Per poter ragionare sull’economia della vendetta bisogna prima che siano stati appurati i legami tra i due fenomeni sociali. La vendetta è una tradizione antichissima, si trova in molte culture del Mediterraneo, ma diventa universale in alcuni dei suoi aspetti principali.
Esistono esigenze diverse che spingono all’uso della vendetta. Di natura individuale, hanno come obiettivo la soddisfazione di un torto subito personalmente: economico, familiare, passionale o legato all’onore e la rispettabilità. Di natura collettiva o nazionale. Il caso ad esempio, del famoso “giorno della vendetta” (7 ottobre), inaugurato dal -fu- dittatore Gheddafi, per ricordare la liberazione dai colonizzatori italiani, ma che divenne nel 2008 “giorno dell’amicizia” per gli accordi commerciali e la promessa di un risarcimento da parte dello Stato italiano di molti miliardi di euro. Il legame tra economia e vendetta esiste ed è sempre presente.
Quali sono i costi e i ricavi della vendetta? Sui principali motori di ricerca si trovano una serie di indicazioni di massima dei prezzi per la soddisfazione della vendetta privata. Per l’ingaggio di un sicario ad esempio, ci sono prezzi per niente alti. Si trovano ragazzi pronti ad uccidere per poche migliaia di euro, ma compiono anche ogni sorta di vendetta: dalla semplice azione di disturbo all’incendio dell’auto o della casa, dal pestaggio allo stupro su commissione.
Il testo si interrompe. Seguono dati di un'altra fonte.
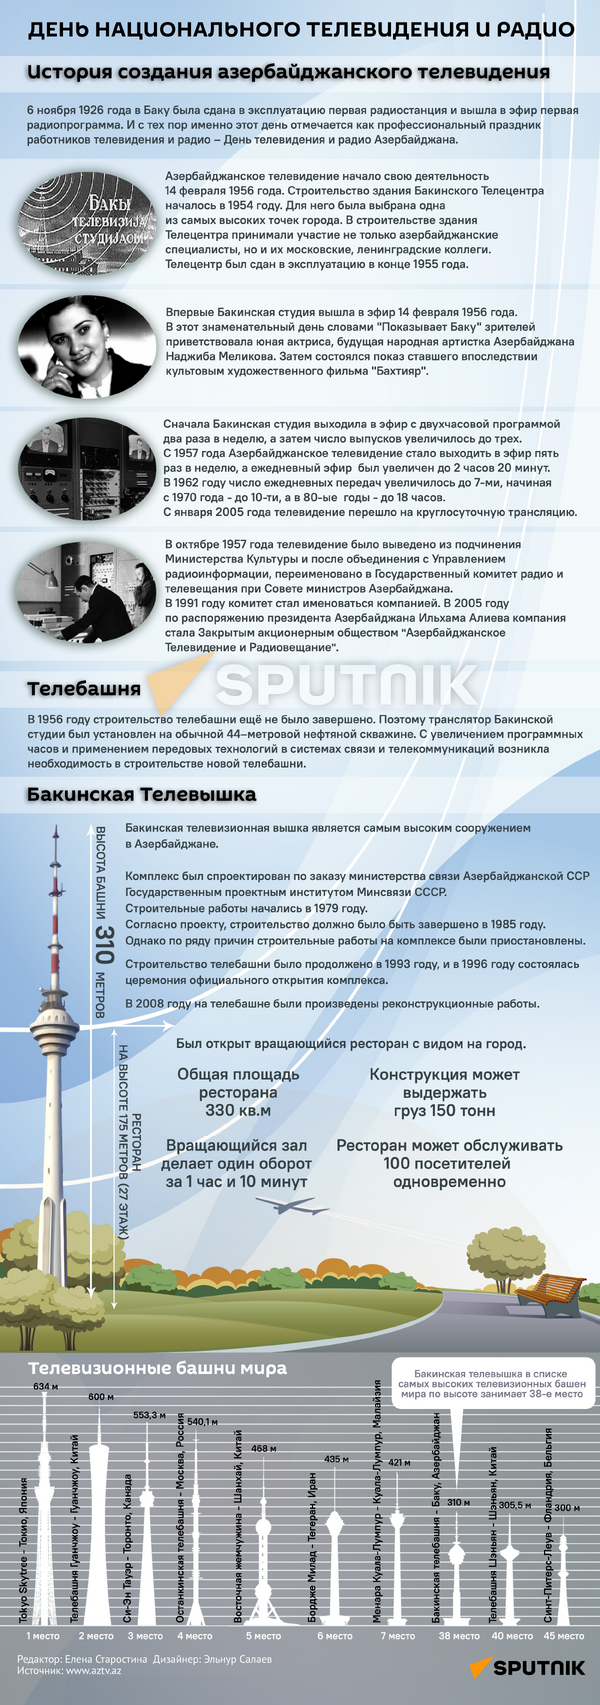 Инфографика: День национального телевидения и радио - Sputnik Азербайджан
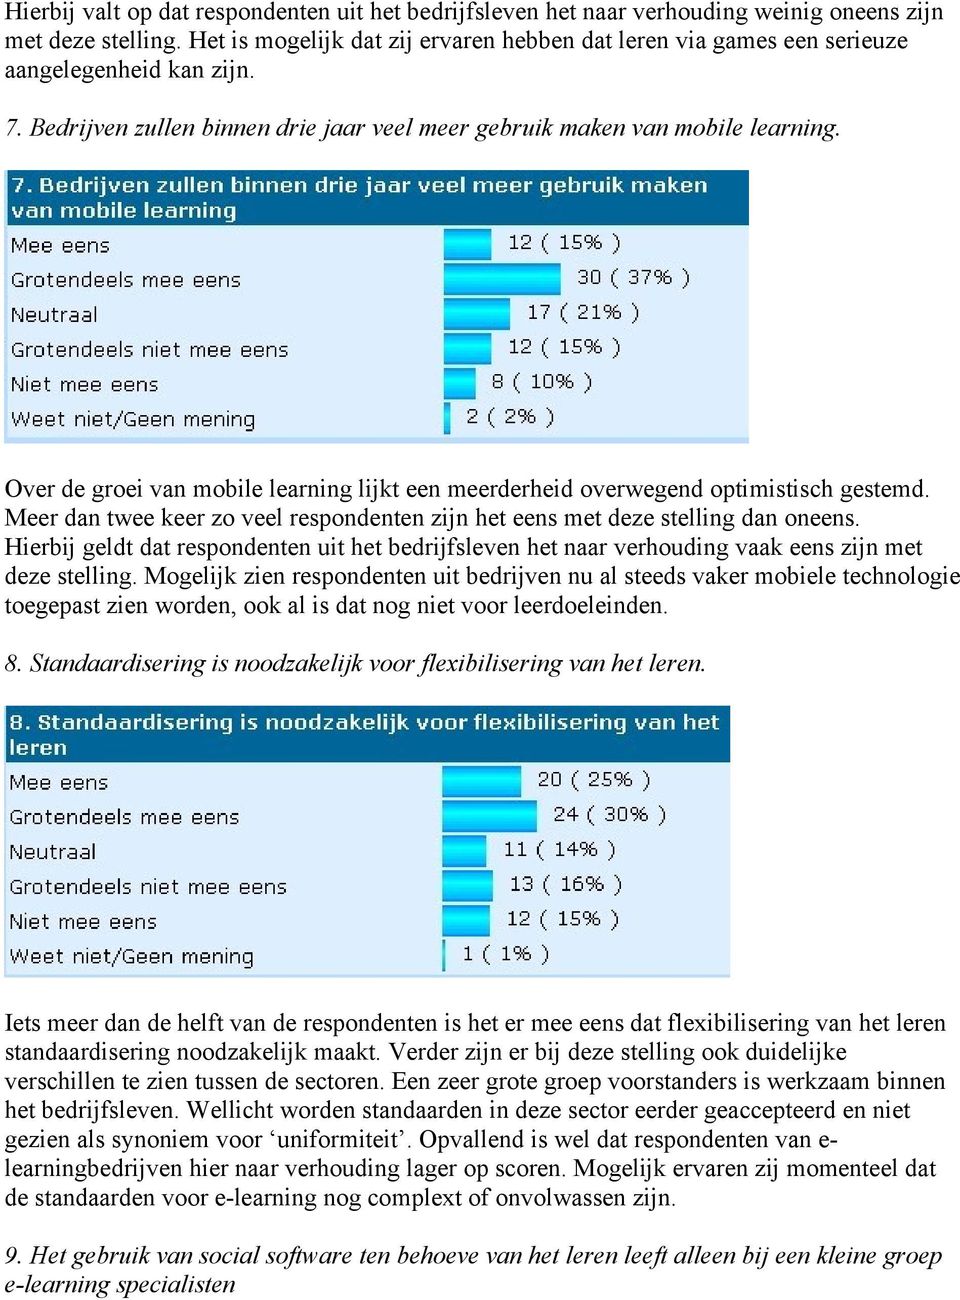 Over de groei van mobile learning lijkt een meerderheid overwegend optimistisch gestemd. Meer dan twee keer zo veel respondenten zijn het eens met deze stelling dan oneens.
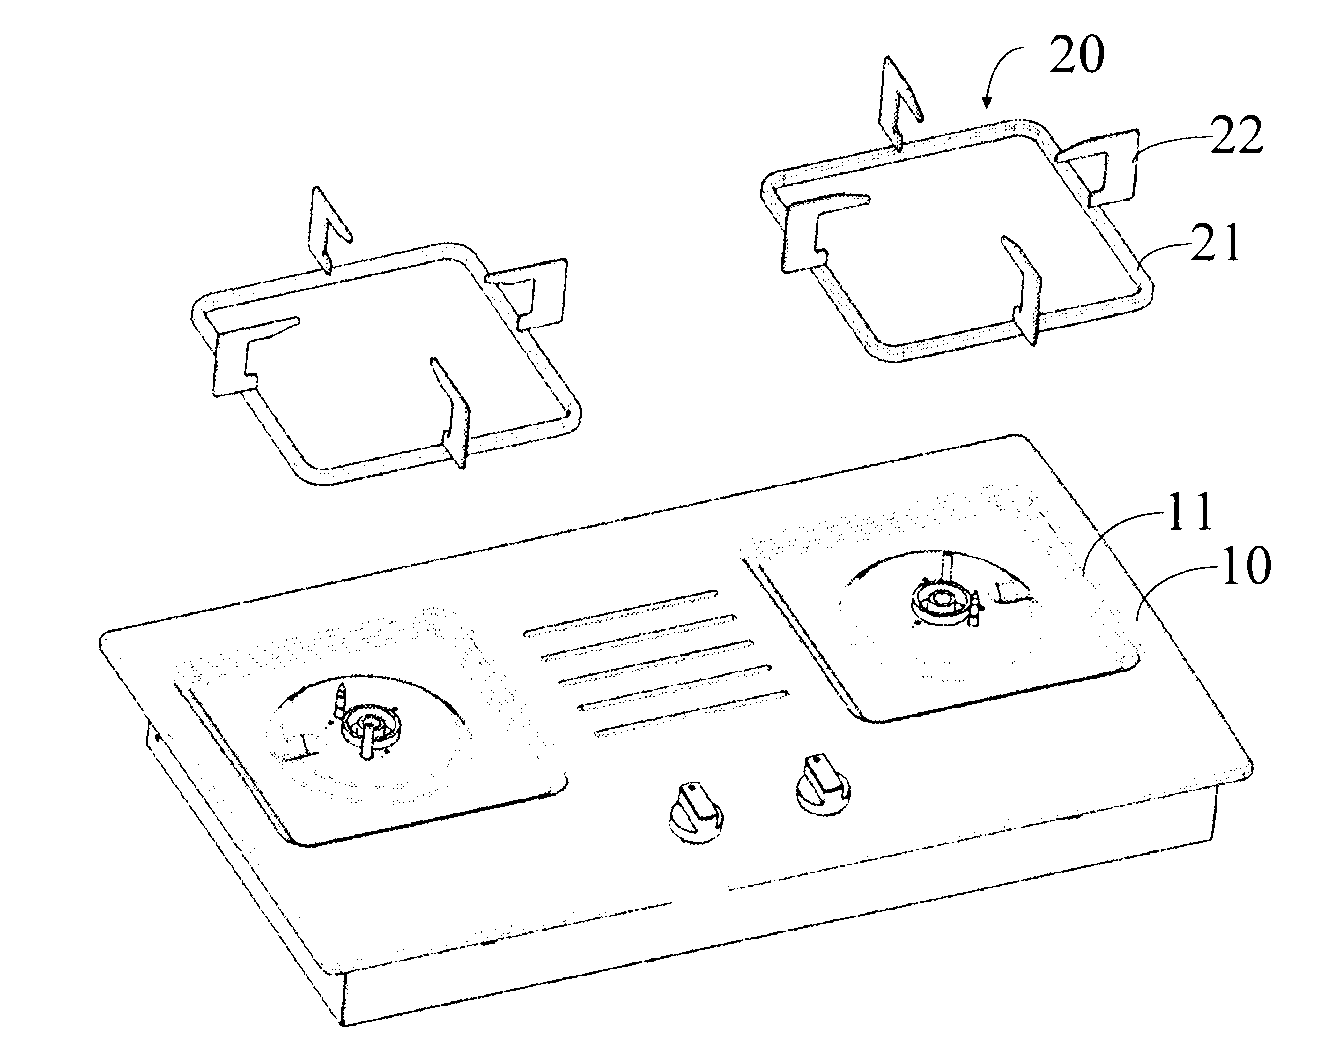 Gas-stove, gas-stove panel, and pot racks
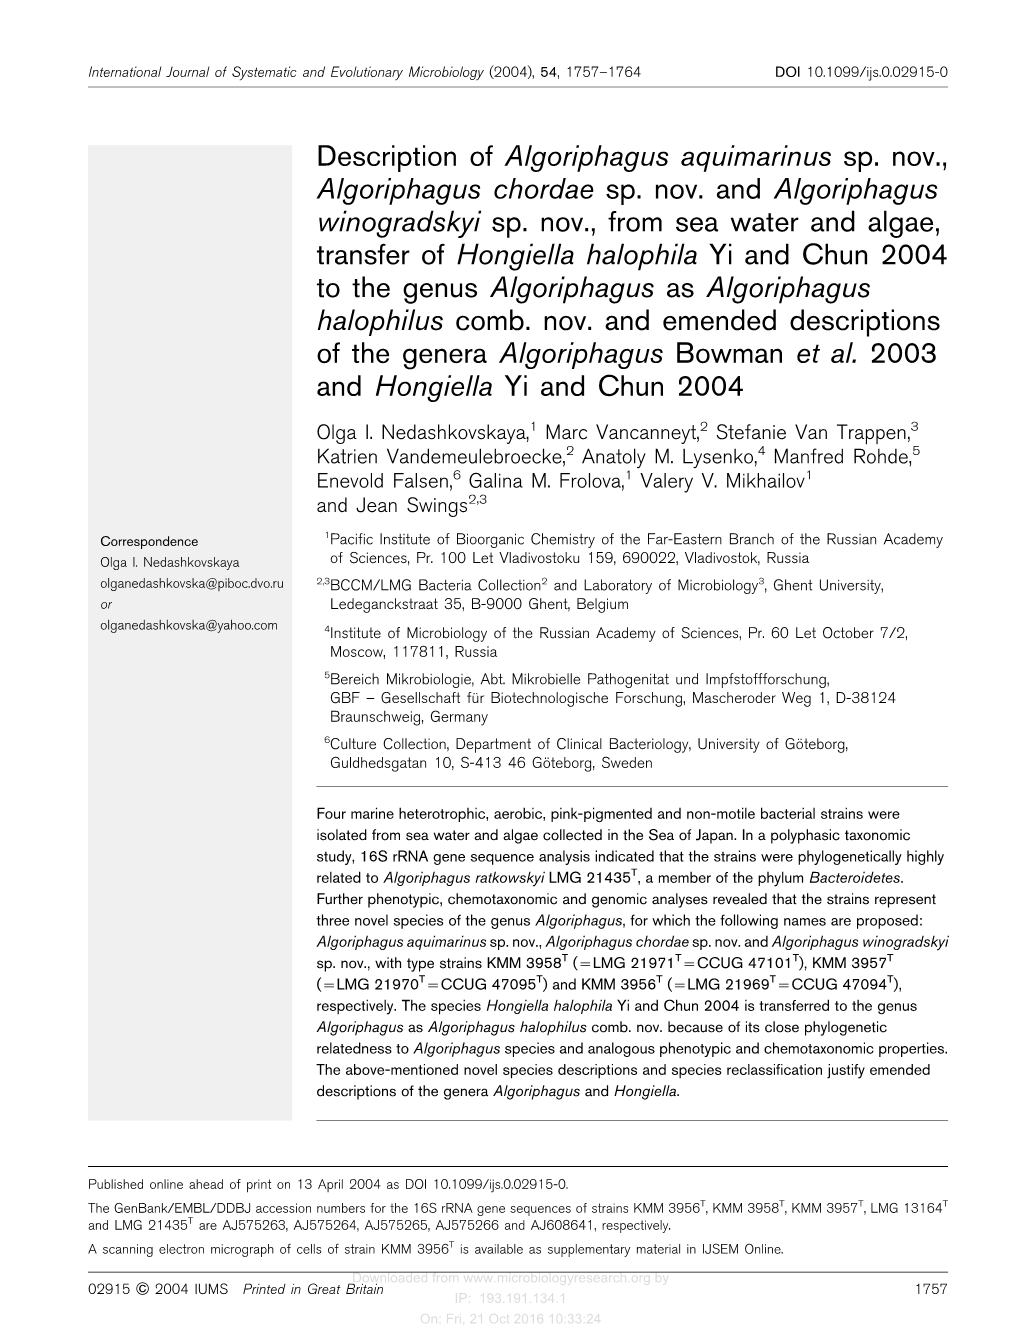 Description of Algoriphagus Aquimarinus Sp. Nov., Algoriphagus Chordae Sp

Non ci vuole molta fantasia per immaginare l’enorme casistica di motivi che porta una persona a decidere di commissionare una vendetta.
Si crea naturalmente una sorta di “mercato nero” di servizi, alla portata di quasi tutti. Esistono tariffari a seconda dell’obiettivo da eliminare. Se si tratta di una persona comune il prezzo sarà più basso, in quel caso non ci sarà bisogno di un killer professionista, basta un ragazzino. Se molto giovane ha degli sgravi importanti di pena nel caso dovesse essere arrestato, un vantaggio che allarga l’influenza della malavita sulla popolazione povera, al sud Italia ma non solo. Se l’obiettivo è un personaggio pubblico, oppure un mafioso (o delinquente importante) il prezzo cambia notevolmente.
L’economia legata al desiderio di vendetta alimenta un mondo sotterraneo, sempre disponibile e accessibile. E’ un fenomeno in continua ascesa, il dramma dei ragazzi campani, raccontato anche dal bestseller Gomorra, ci parla di ragazzi che si vendono a prezzi stracciati alla camorra. La vita, in quel contesto, vale quanto l’ingaggio dei killer, ed è veramente economico…
La vendetta è stata per molti secoli la prima fonte di diritto, ad esempio la Legge del Taglione babilonese, che si estende poi a tutto il Mediterraneo. Questo tipo di giustizia prevedeva la soddisfazione di un torto subito attraverso lo stesso metodo. Difficile valutare l’incidenza economica, ma sicuramente la perdita di un arto o nel peggiore dei casi della vita, determina un cambiamento economico nella società. Naturalmente è l’aspetto umano che determina lo sdegno vedendo certi casi di donne sfigurate dai mariti o familiari, la vendetta regolata dalla tradizione. E’ il caso di ricordare l’articolo 5 della Dichiarazione Universale Dei diritti dell’uomo: Nessun individuo potrà essere sottoposto a trattamento o punizioni crudeli, inumani o degradanti.
La pena di morte può essere considerata una sorta di vendetta che lo Stato impone a chi si è macchiato di terribili delitti. Il diritto americano (la civiltà occidentale…) in quel caso si rifà esattamente all’antica tradizione babilonese. Mark Costanzo, uno studioso americano, ha illustrato nel suo libro, Just revenge, “i costi e benefici sociali, dove vengono dissacrati i miti facili della società americana, nel suo testo costruisce un modello nuovo e importante per comprendere la politica che sta dietro la pratica della pena capitale” (dalla presentazione). I costi sociali che la pena di morte comporta nel suo paese pare siano enormi, e non si può paragonare alla effimera soddisfazione da parte dei familiari delle vittime. I costi si moltiplicano se dovessimo prendere in considerazione alcuni paesi del Mediterraneo.
L’economia, inoltre, diventa internazionale quando si decide di punire un paese che non è allineato, ad esempio, con le politiche del FMI, o dell’ONU. In certi casi le punizioni, che colpiscono sempre la popolazione civile, determinano effetti economici devastanti e non risolvono politicamente nessun dissidio. Le sanzioni all’Iran o alla Siria, affamano la popolazione e non fanno cadere i governi, forse la vendetta economica, mascherata da politica internazionale andrebbe rivista. In definitiva la vendetta, come tra singoli individui, non paga quasi mai!